No, but to do so is now called hate speech that, unlike serial rape of minor girls, is considered a serious offense requiring police action and punishable by jail time. The natural result being that a U.S. presidential candidate who criticizes unlimited immigration constitutes a public danger and a proper target for censorship before he’s uttered a single word.

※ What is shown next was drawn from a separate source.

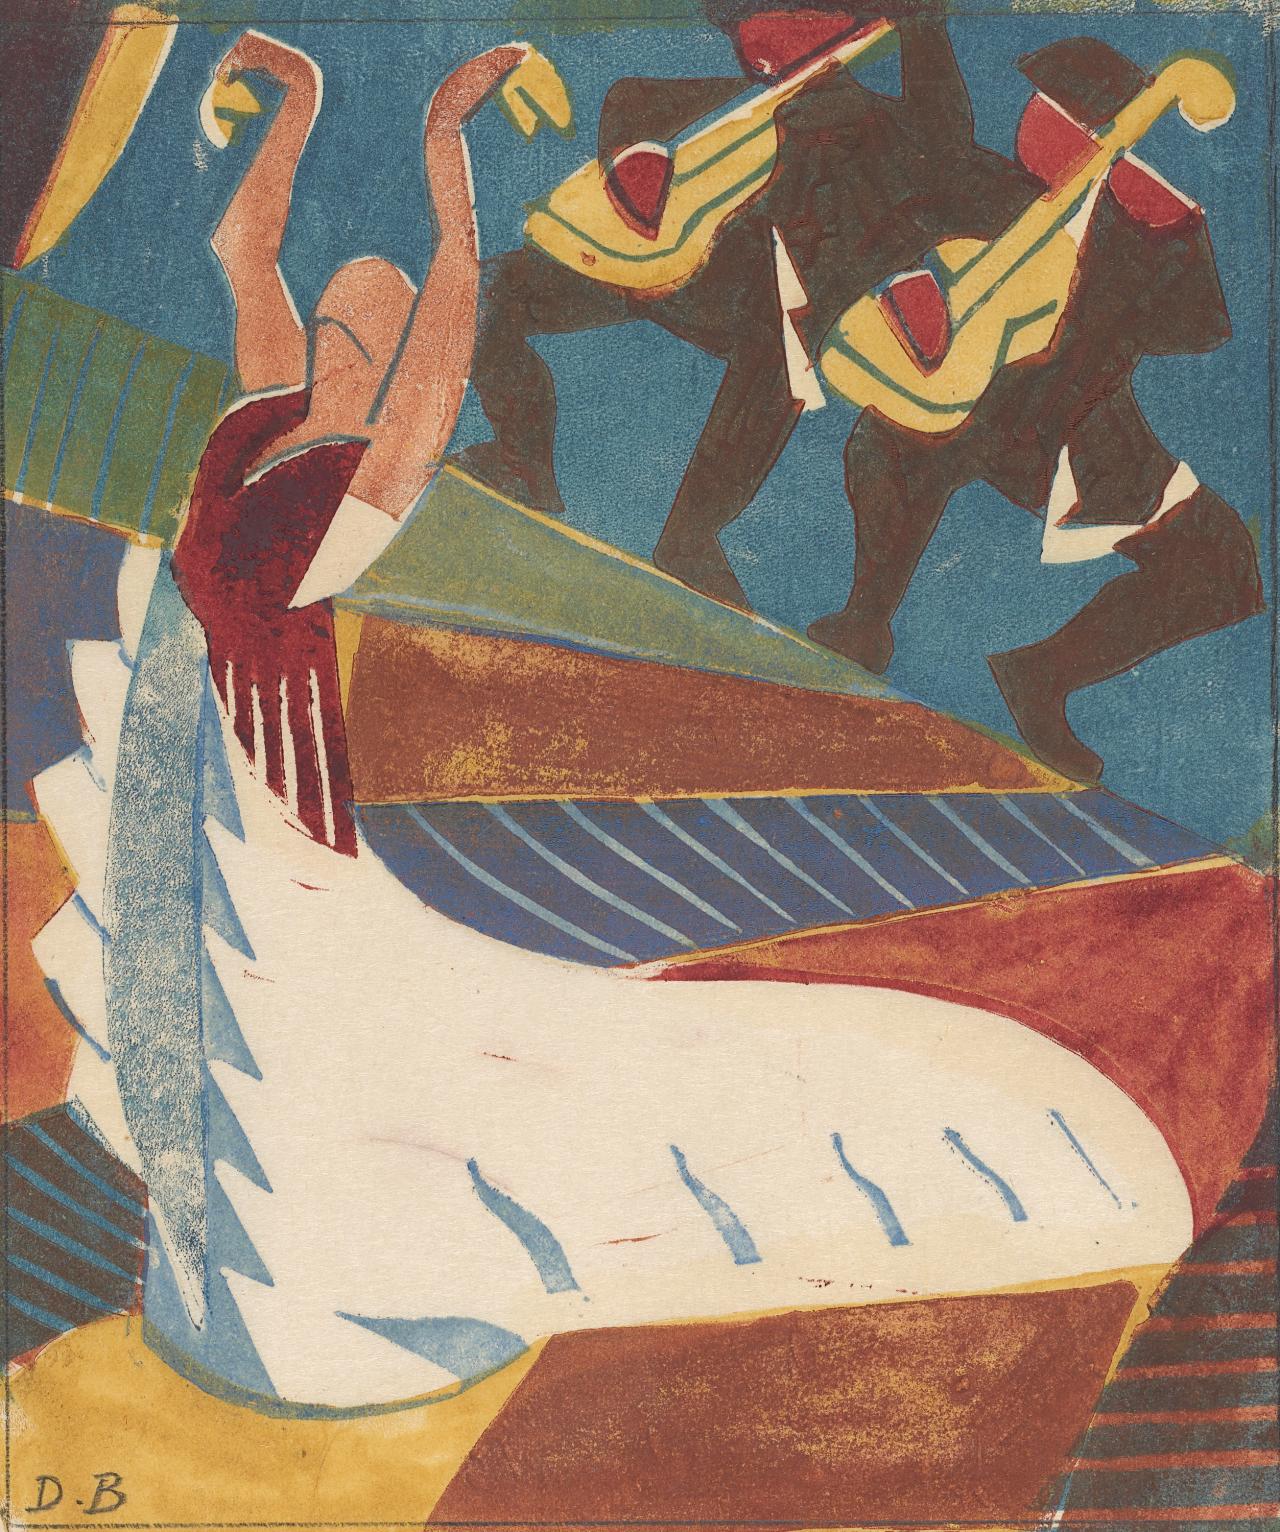 Argentine (la danseuse espagnole) by Dorrit Black - Vers 1929 - 18.8 × 16.0 cm National Gallery of Victoria

Let’s be clear: outside the U.S., the criminalization of speech will continue because it serves state power. And state censorship will defeat whatever fond notions social media CEOs have of the People’s right to speak and hear the speech of others. I don’t see fabulously wealthy CEOs going to prison for their beliefs. And if it’s illegal in Europe, free speech in the U.S. will be sharply curtailed, despite our First Amendment, because those CEOs won’t consent to lose the European market. Durov’s arrest is just the first and no one believes that Musk isn’t a target. As long as states criminalize speech, those platforms will eventually fall into line.
Power seldom questions itself, only those who question it. It’s an age-old tradition, one that those in power never seem to forget and everyone of sense tries to destroy.